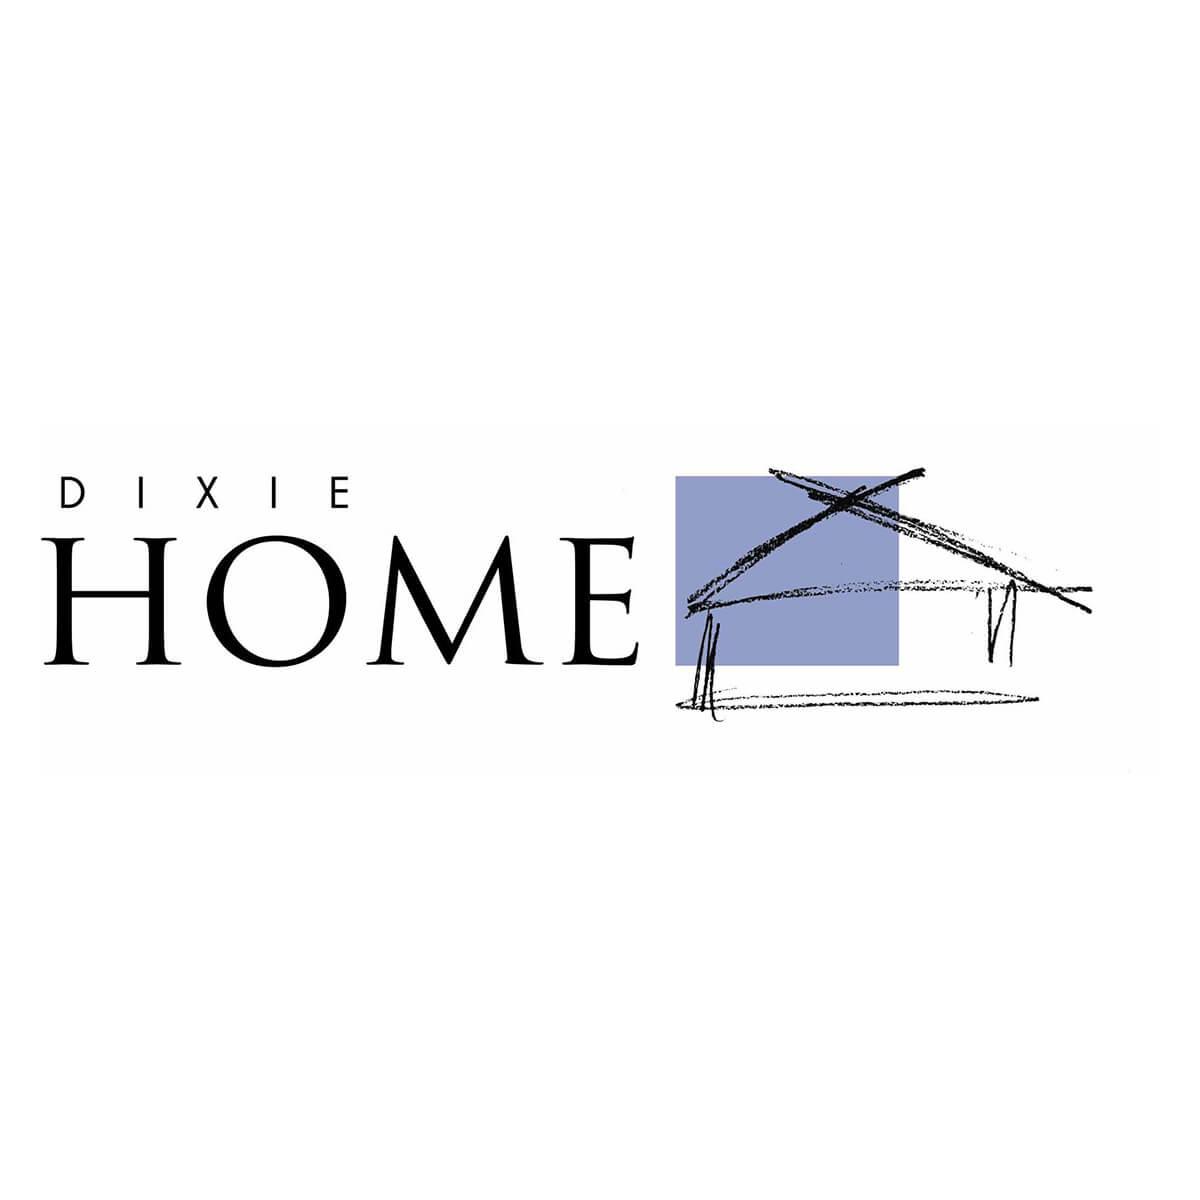 dixie-home-carpet-logo.jpg
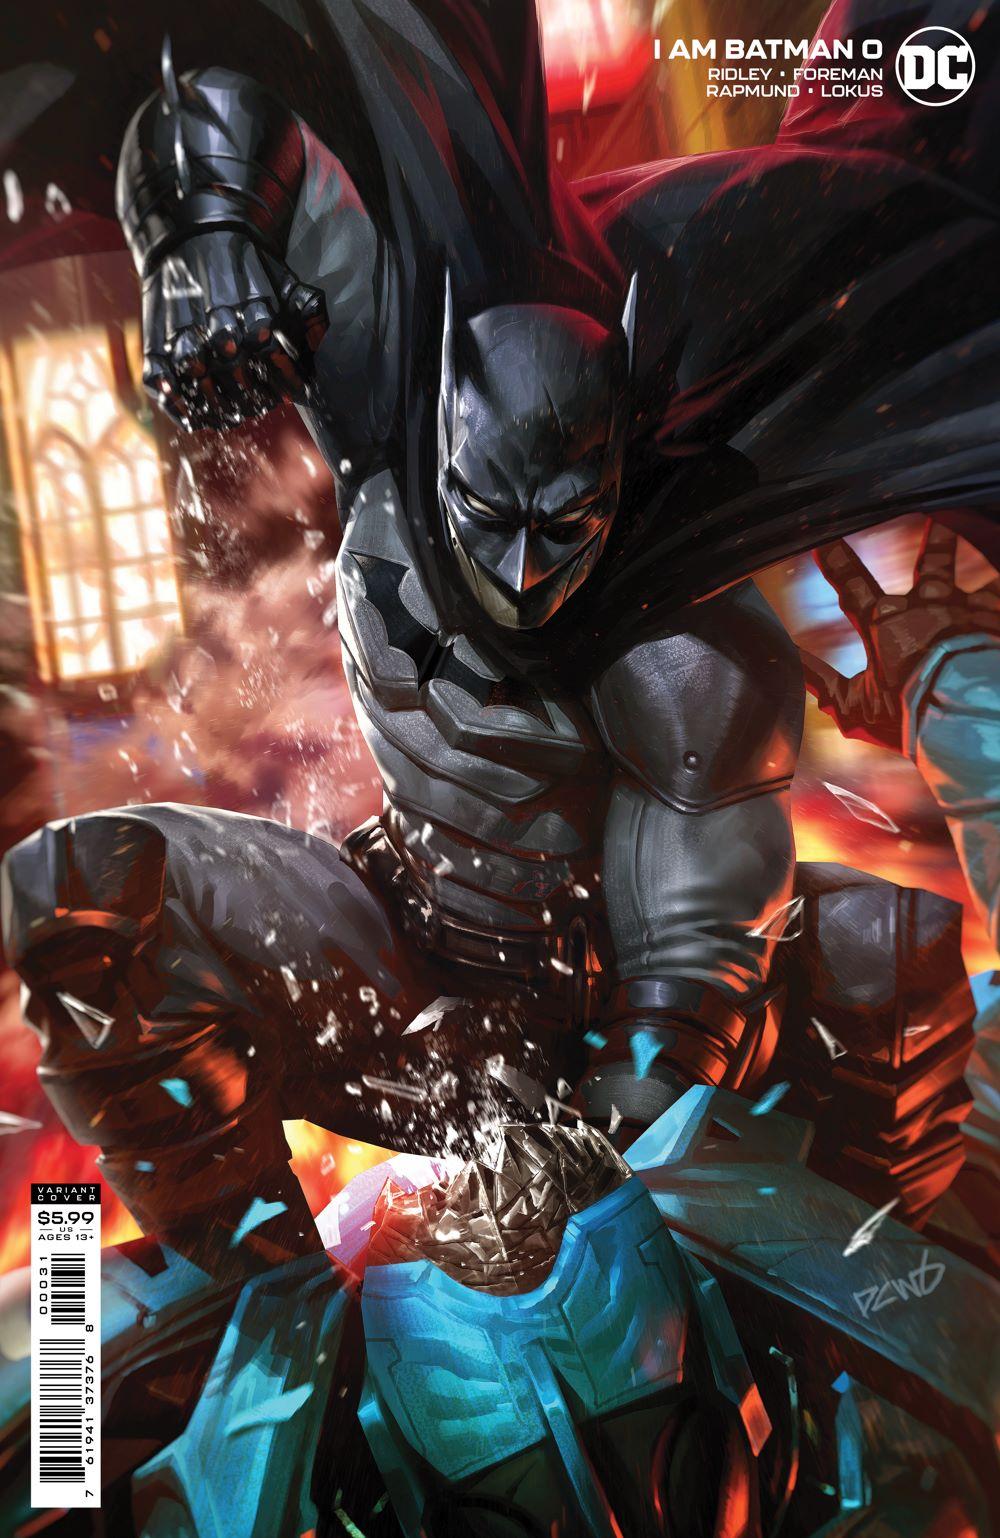 IAMBM_Cv0_var_00031 DC Comics August 2021 Solicitations
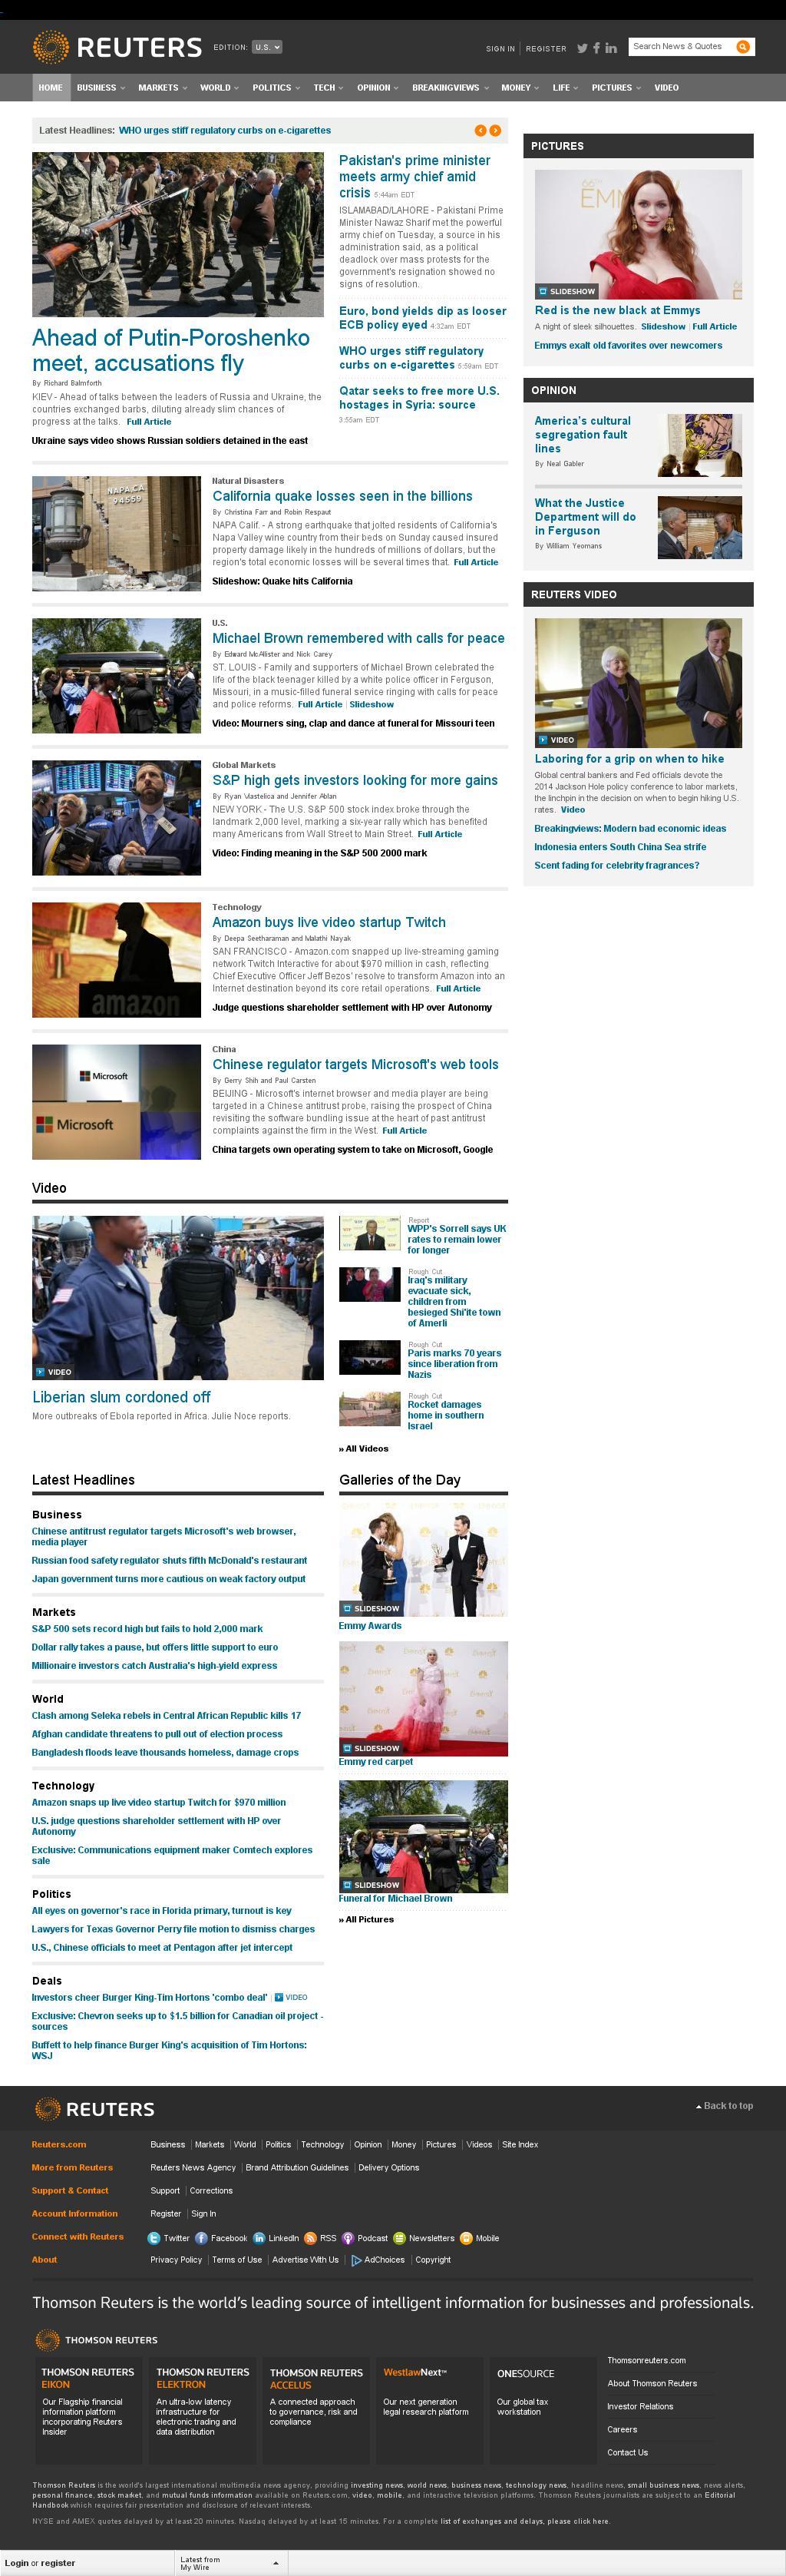 Reuters at Tuesday Aug. 26, 2014, 10:14 a.m. UTC
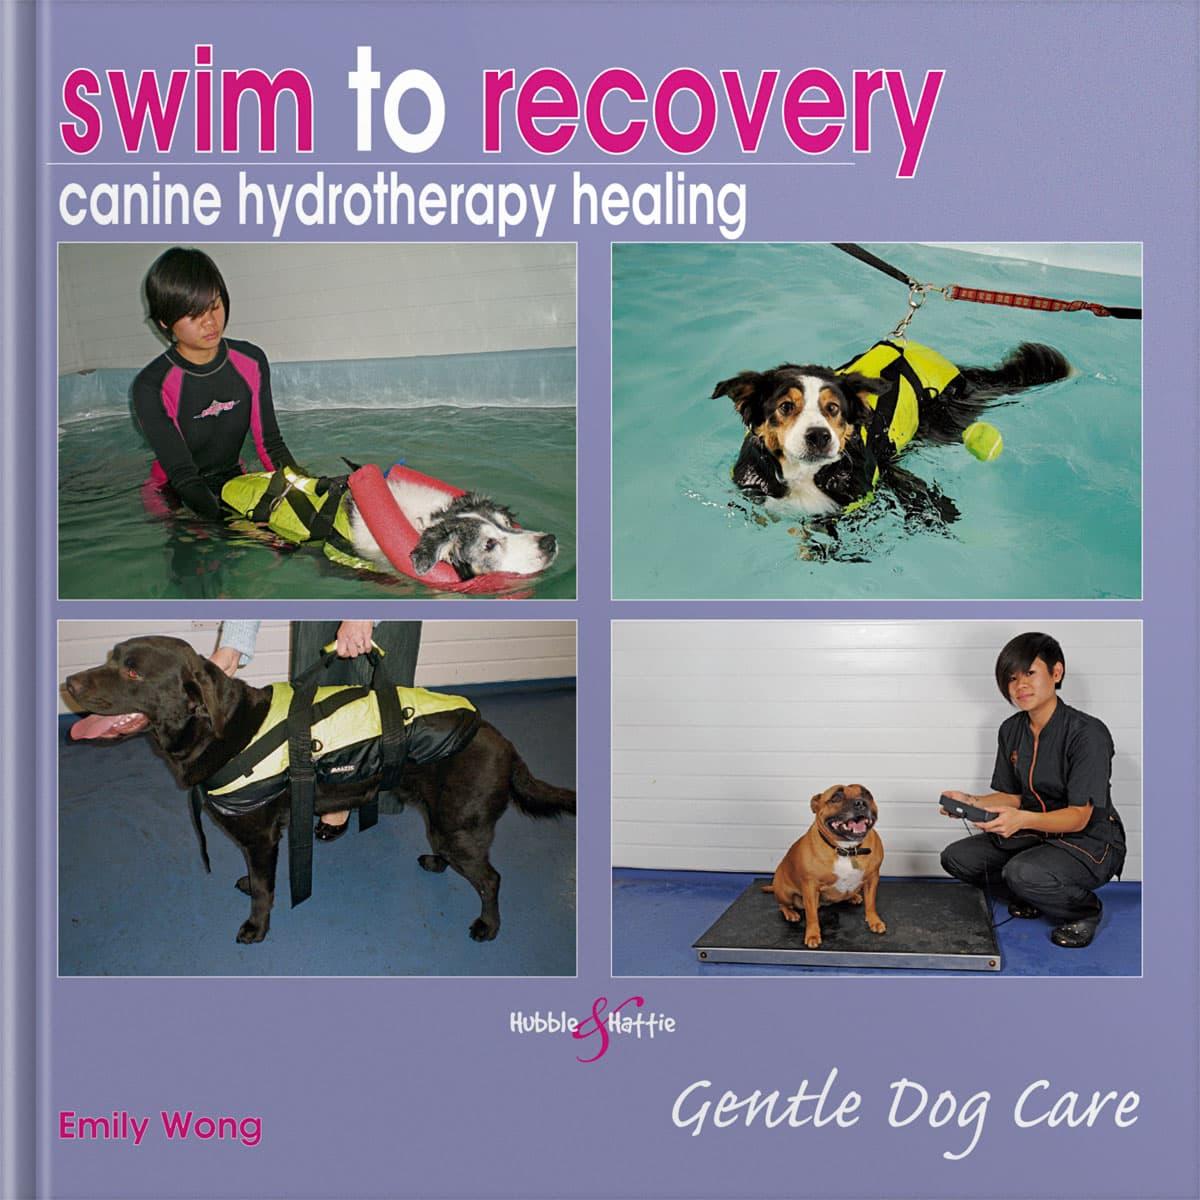 Swim to recovery
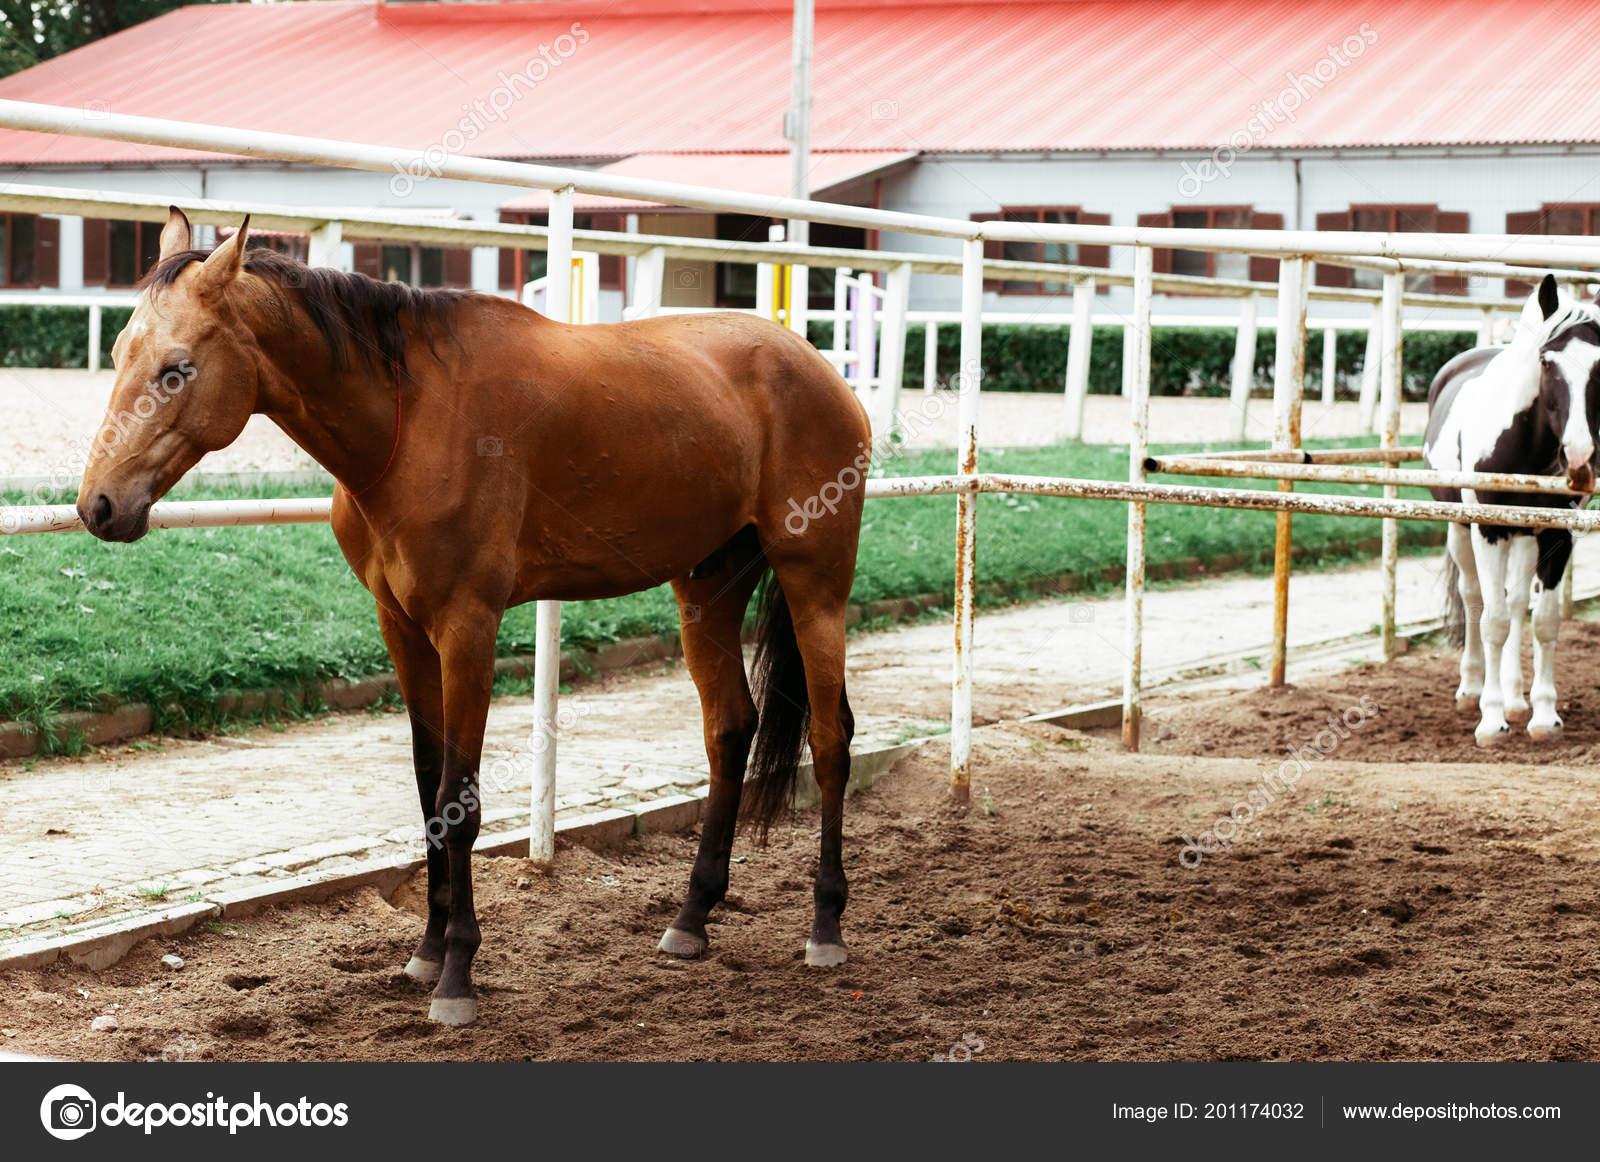 Beautiful Horses Animals Pasture Stables Horseback Riding Stock Photo C Vitizh 201174032

---*---

[Try it]: Please write every line above out exactly as given, except for any pictures.

[Response to this task]:
 dixie-home-carpet-logo.jpg
 IAMBM_Cv0_var_00031 DC Comics August 2021 Solicitations
 Reuters at Tuesday Aug. 26, 2014, 10:14 a.m. UTC
 Swim to recovery
 Beautiful Horses Animals Pasture Stables Horseback Riding Stock Photo C Vitizh 201174032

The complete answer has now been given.